This project is a proof-of-concept (PoC) to demonstrate how you can transcribe a video's original audio, correct its grammar, and replace it with AI-generated speech using Google Cloud's Speech-to-Text, OpenAI GPT-4o model, and Google Cloud's Text-to-Speech. The tool is built using Streamlit for an interactive user interface.
Streamlit: Used for creating a user-friendly interface that allows users to upload video files and interact with the PoC.
Whisper: A pre-trained speech recognition model used to transcribe audio from the uploaded video.
Azure GPT-4o API: Used to correct the transcription by removing grammatical mistakes and enhancing the quality of the speech.
pyttsx3: A Python text-to-speech conversion library used to generate AI voice based on the corrected transcription.

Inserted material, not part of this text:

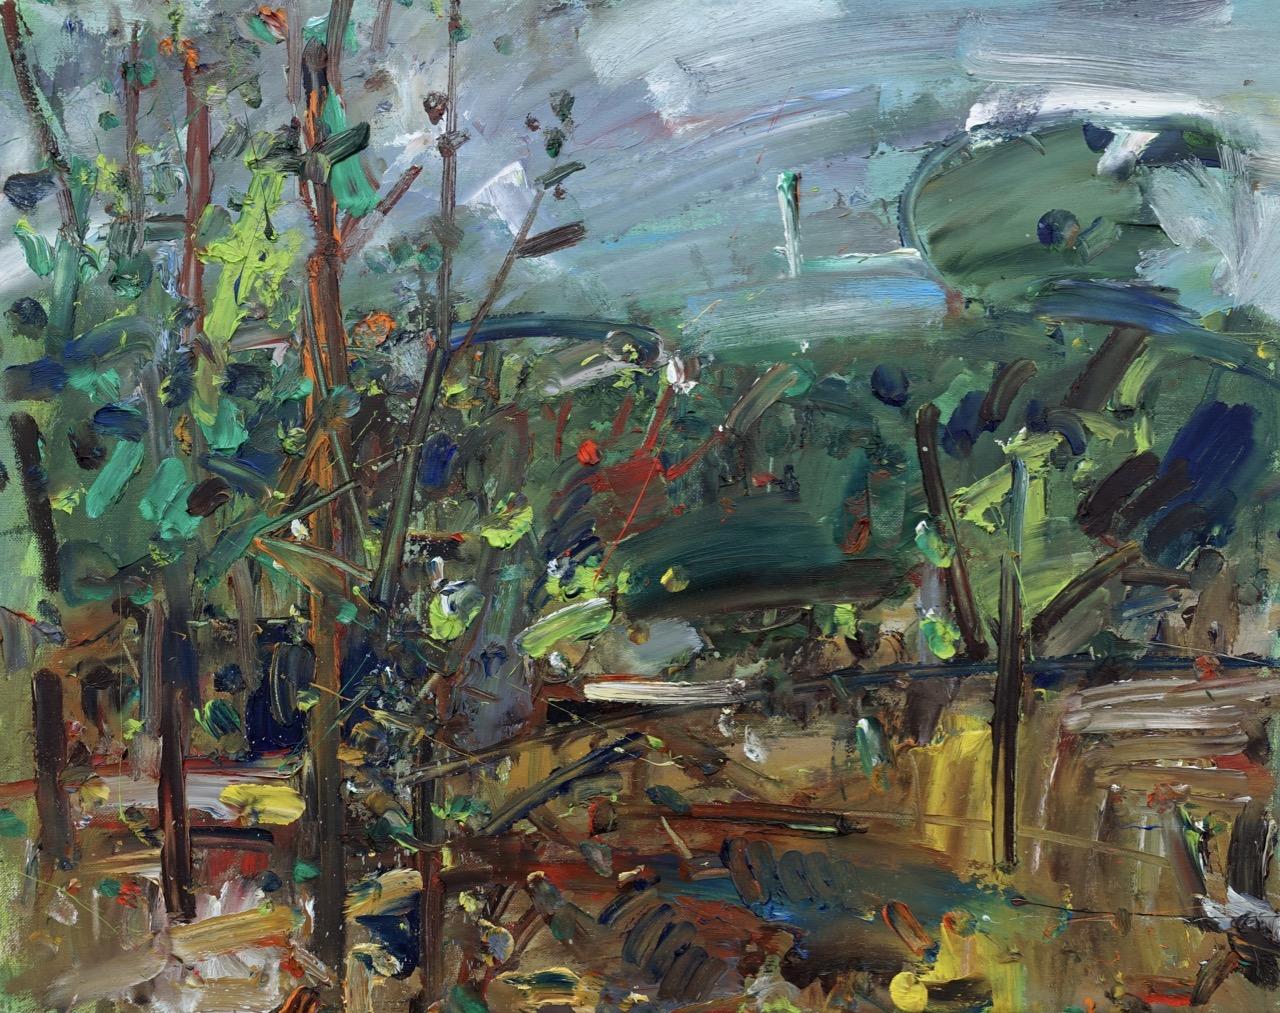 Autumn 2. Oil on canvas
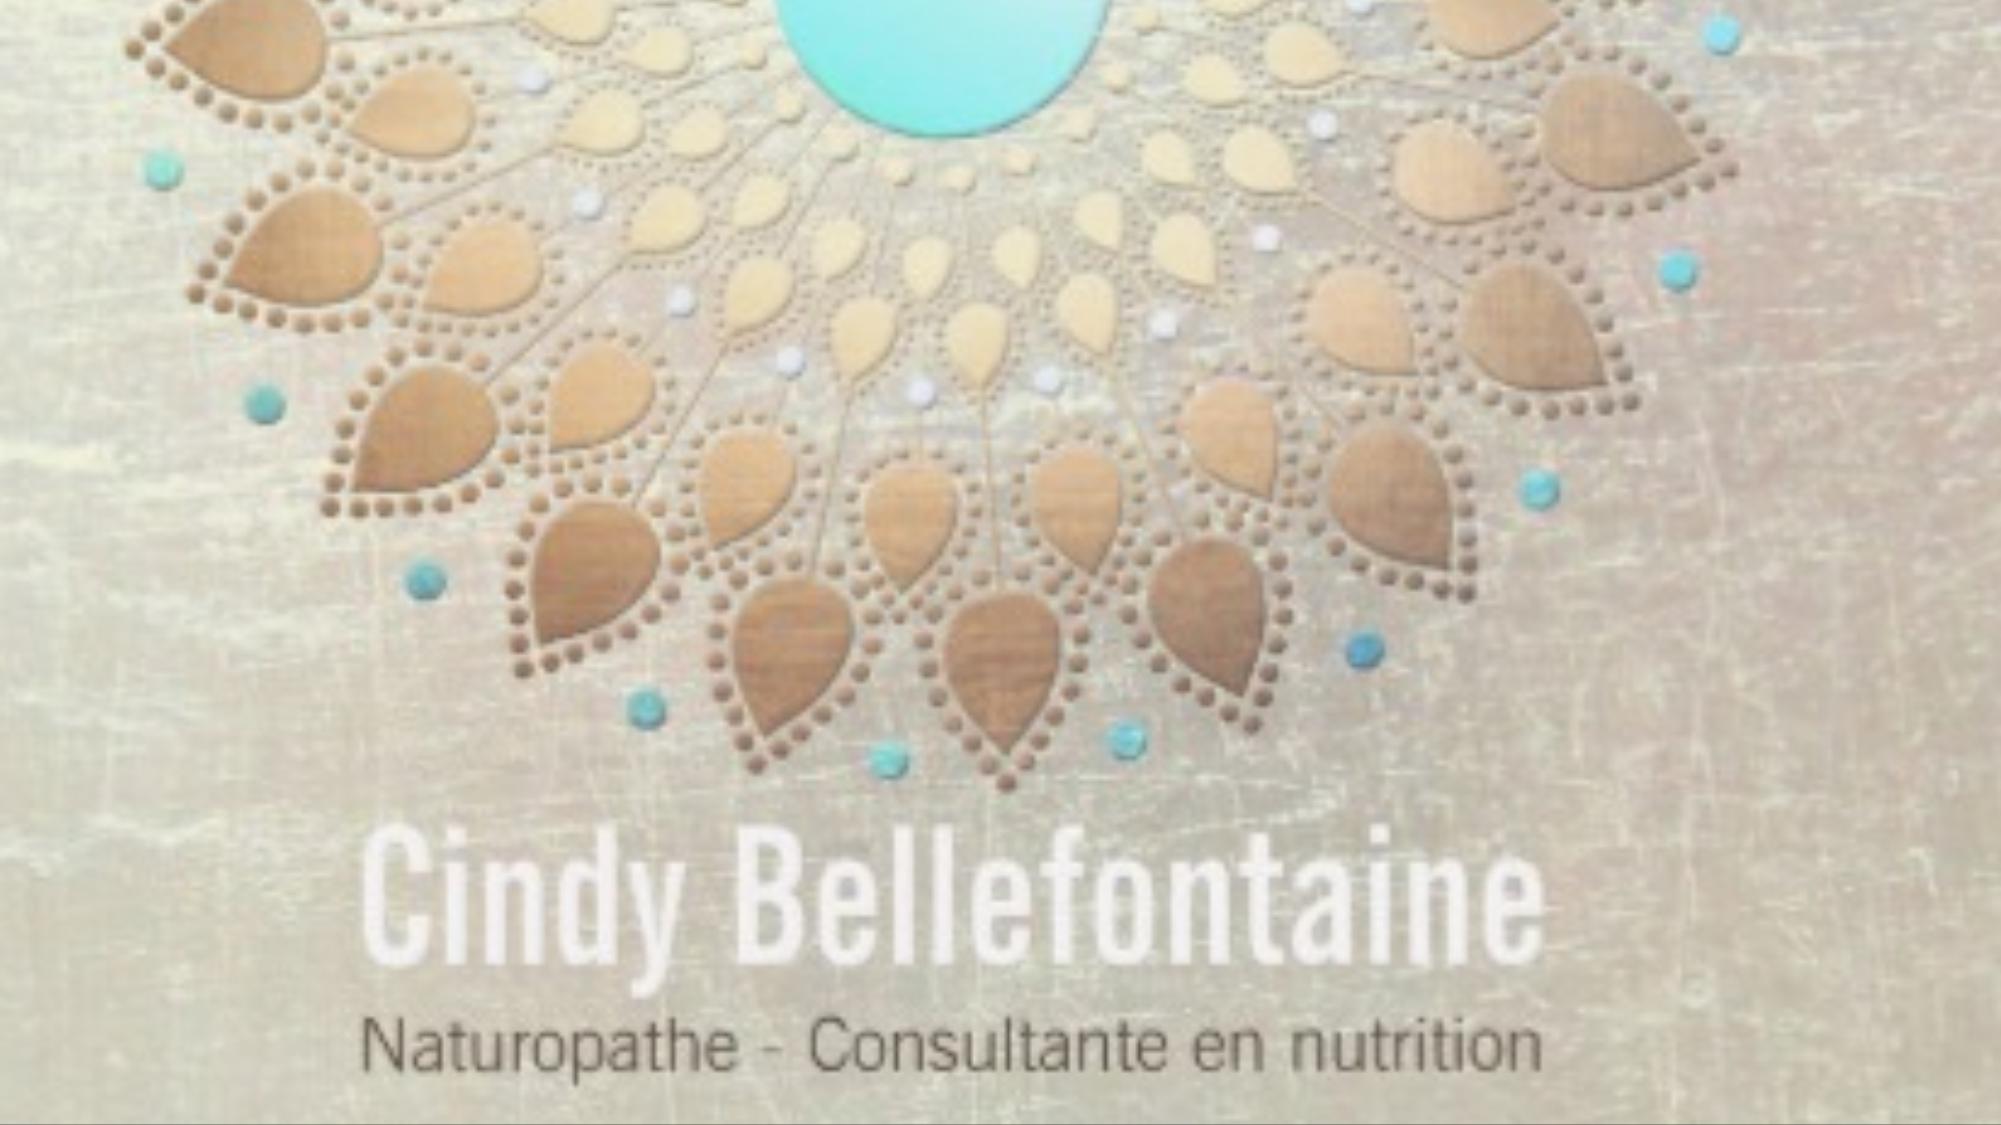 Cindy Bellefontaine - Naturopathe & Consultante en Nutrition à Sainte-Julie

MoviePy: A video editing library used to extract and replace the audio of the video file.
Pydub: Used to convert audio into WAV format for compatibility with Whisper and other libraries.
FFmpeg: Required for audio and video processing through MoviePy and Pydub, particularly for handling audio file conversion and manipulation.
Python: Core language used to build the entire PoC, including frontend and backend logic.
Google Cloud Speech-to-Text (Whisper): Handles transcription of audio into text.
Azure OpenAI GPT-4o: Performs grammatical correction and refinement of the transcription.
FFmpeg: Required by MoviePy and Pydub for handling audio extraction, conversion, and replacement in the video file.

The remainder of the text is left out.